Publishing Learning to Follow the Mass was itself a 4-year odyssey that came to fruition in October 2009. It was while I was working on that book, in Spring of 2008, that I initially hatched the idea of creating Panic in the Pews, and that book also took some time to develop, with the final product arriving in December 2009.
During all those years, I was busy homeschooling a growing family, and had become quite active in our local Catholic homeschool group. It was here that I met my dear friend Julie Streeter, whose creative assistance has been indispensable in so many of our books. But it was also through this homeschool group that I met Kathy McCoy, who planted perhaps the biggest seed that would eventually sprout into a full grown publishing company…

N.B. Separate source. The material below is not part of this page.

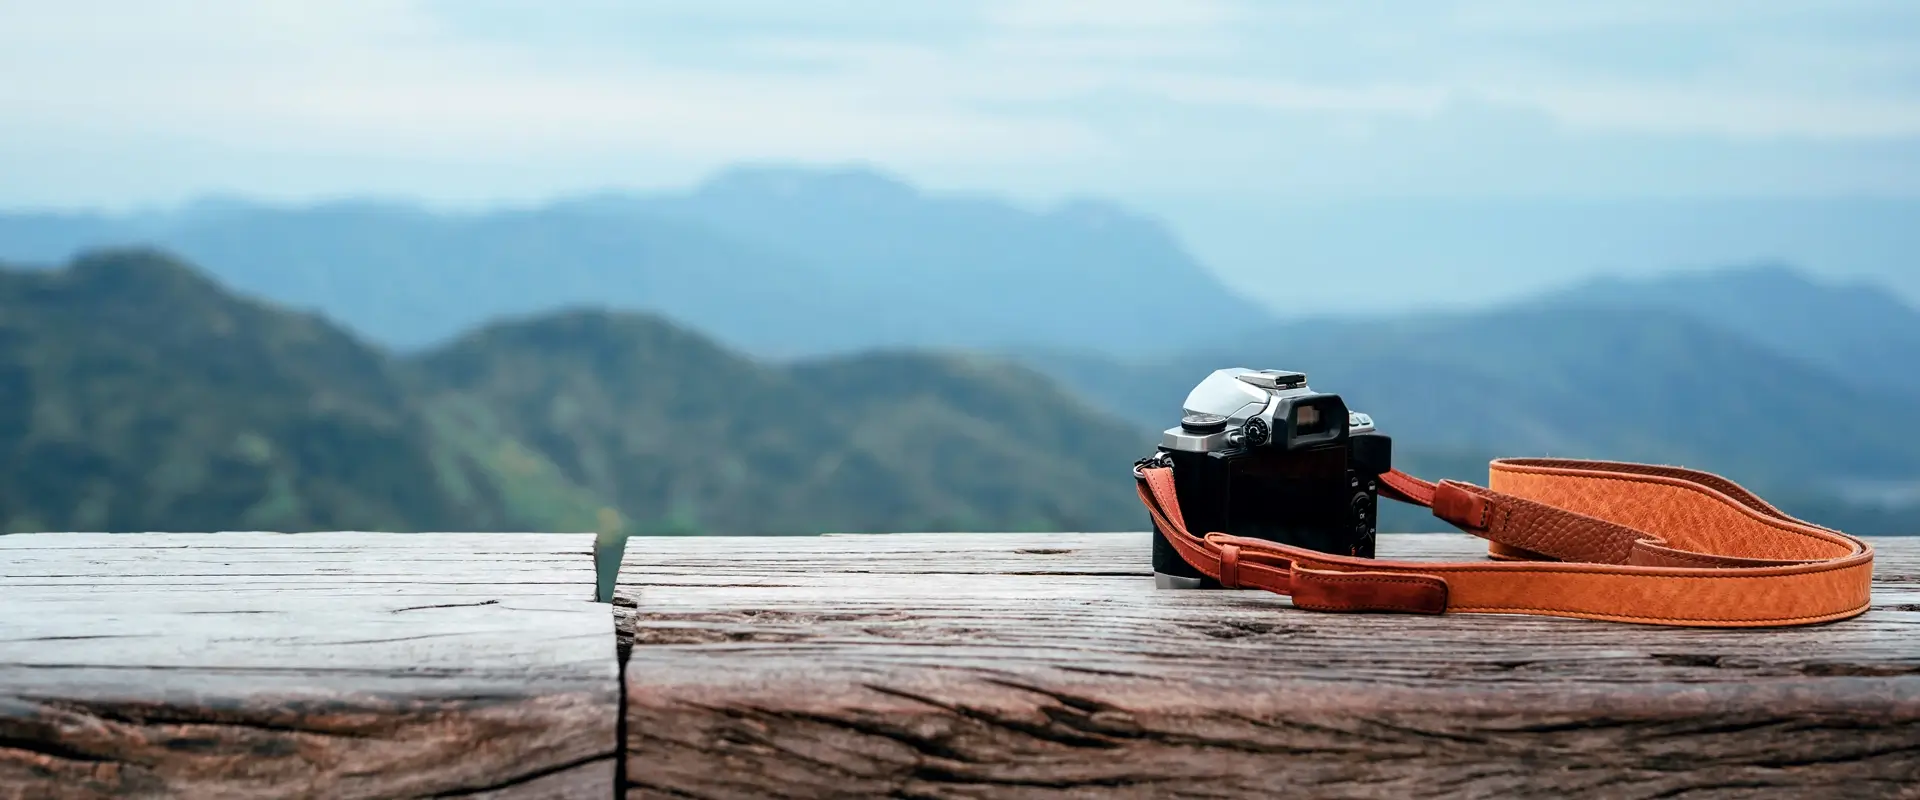 Camera on the background of a mountain landscape

For many years, Kathy taught a class out of her home to prepare children for their First Confession and First Communion. As I recall from one of my earliest conversations with her, she had given so freely of her time for all those years because her greatest desire was to teach children to see Jesus as their very best Friend, and to develop an authentic relationship with Him that would carry through their entire lives. And I can tell you from my perspective years later, that she truly succeeded in that aim, at least with my children! I will never forget all the times my children would excitedly ask me if they could go to confession as soon as we arrived for Mass on Sundays. I wish I had felt that way about confession when I was their age…
In January of 2010, having heard about my recent publishing endeavors, Kathy told me she had been thinking about publishing a little book containing the materials and activities she used for her classes, so that others could implement something similar. She asked if I could help her, and I was thrilled to do so.
We began to meet and carefully review the materials that she was using. Many of the poems and readings she gave to the children had sweet illustrations they could color, which obviously came from older books. Unfortunately, she had been teaching this class for so long that, through the continual photocopying process, most of them were blurry and muddy. She no longer had the originals, nor could she remember which books they came from. This was one of the first hurdles I chose to tackle: to find the original illustrations so that we could get nice crisp, clean scans.
Now, Kathy had used two books as cornerstones in her class: First Confession, and The King of the Golden City, both by Mother Mary Loyola. And while the latter had been reprinted with beautiful color illustrations and could easily be obtained from Catholic Heritage Curricula, Kathy had an older version with some interesting black and white illustrations, and it was these which I first set out to find.
Assuming that those illustrations had come from the earliest printed copies of The King of the Golden City, I went looking online to see if I could track down one of these older copies. This sleuthing process led me to The Internet Archive (archive.org). Someone with incredible forethought and wisdom was archiving digital copies of books that libraries were discarding, in order to preserve a crucial part of our heritage.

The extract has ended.